Over the weekend of September 23, some of Sewanee’s dance and theater students collaborated with and learned from two visiting theater artists who have worked in theaters across the country: Josie Guevara-Torres and Andrea Vazquez-Aguirre. Guevara-Torres (C’15), a costume designer with experience in dance, choreography, and stage production, and Vazquez-Aguirre, an assistant professor at Southern Utah University and coach/co-director of Another River Interdisciplinary Ensemble, each shared their respective crafts with these students. 

Guevara-Torres choreographed, danced, and designed for Dancewise, Perpetual Motion, and Theatre Sewanee and also won an honorable mention from the Southeastern Theatre Conference her senior year for her design work in All’s Well That End’s Well.
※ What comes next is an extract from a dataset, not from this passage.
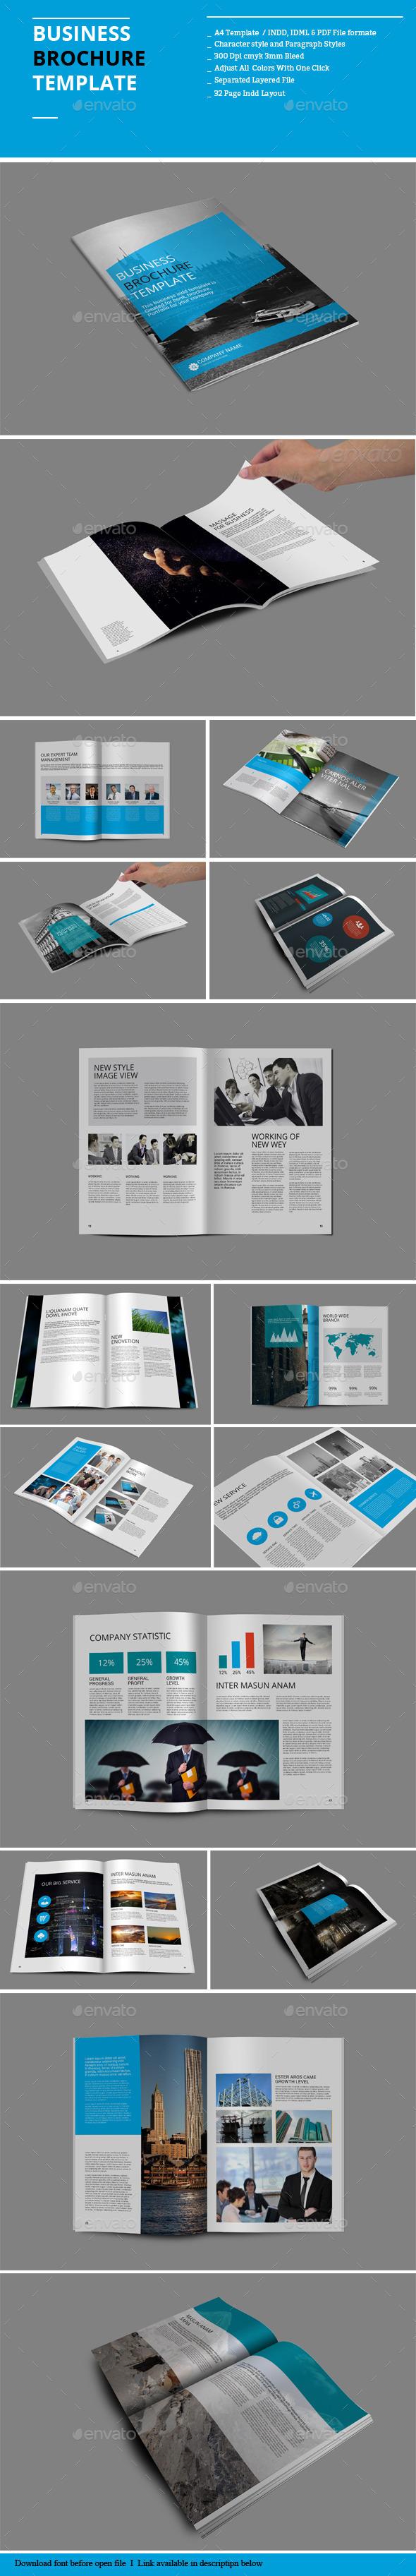 Business Brochure Templates - Corporate Brochures

She has since worked as a stage manager and technician as well as a costume designer for theaters such as the Washington National Opera. During her return to Sewanee this past weekend, she shared some of her experience with students interested in costume design. 

Vazquez-Aguirre studied at the National Conservatory of Dance and has an M.F.A. in dance from the College at Brockport. Her professional career has included performances and choreography with companies such as the Latina Dance Theater Project. Vazquez-Aguirre instructed a master class based in Mexican Folkloric dance in addition to choreographing a piece for the show, a piece she explained will examine social protest as “a core element for the existence and consolidation of publicly expressing opinions, dissenting, demanding compliance with social, cultural, and environmental rights, and affirming the identity of groups that have historically been discriminated against.” 

One of the visiting artists teach in the dance studio. Image courtesy of Madison Loud (C’24).

Vazquez-Aguirre hopes that her choreography to the song “Eve of Destruction” for the DanceWise concert will emanate a “feeling of looking at the future in a hopeful way” and unite audience members and dancers alike “for a positive change” in how we approach civil rights. She encourages all young artists to pursue their art: “Go for it because [art] is a . . . medium for different perspectives that can create discussion.” She appreciates her work with students that has “opened the possibility to research things creatively [she] otherwise wouldn’t” and extends her gratitude to them as well as all in the Sewanee theater department who invited and welcomed her on campus. 

Those who wish to support the work Josie Guevara-Torres and Andrea Vazquez-Aguirre as well as the Sewanee theater department and its students should look forward to attending DanceWise: Corporealities later this fall to celebrate and examine dance as both a visual art and a microphone for statements defending human rights.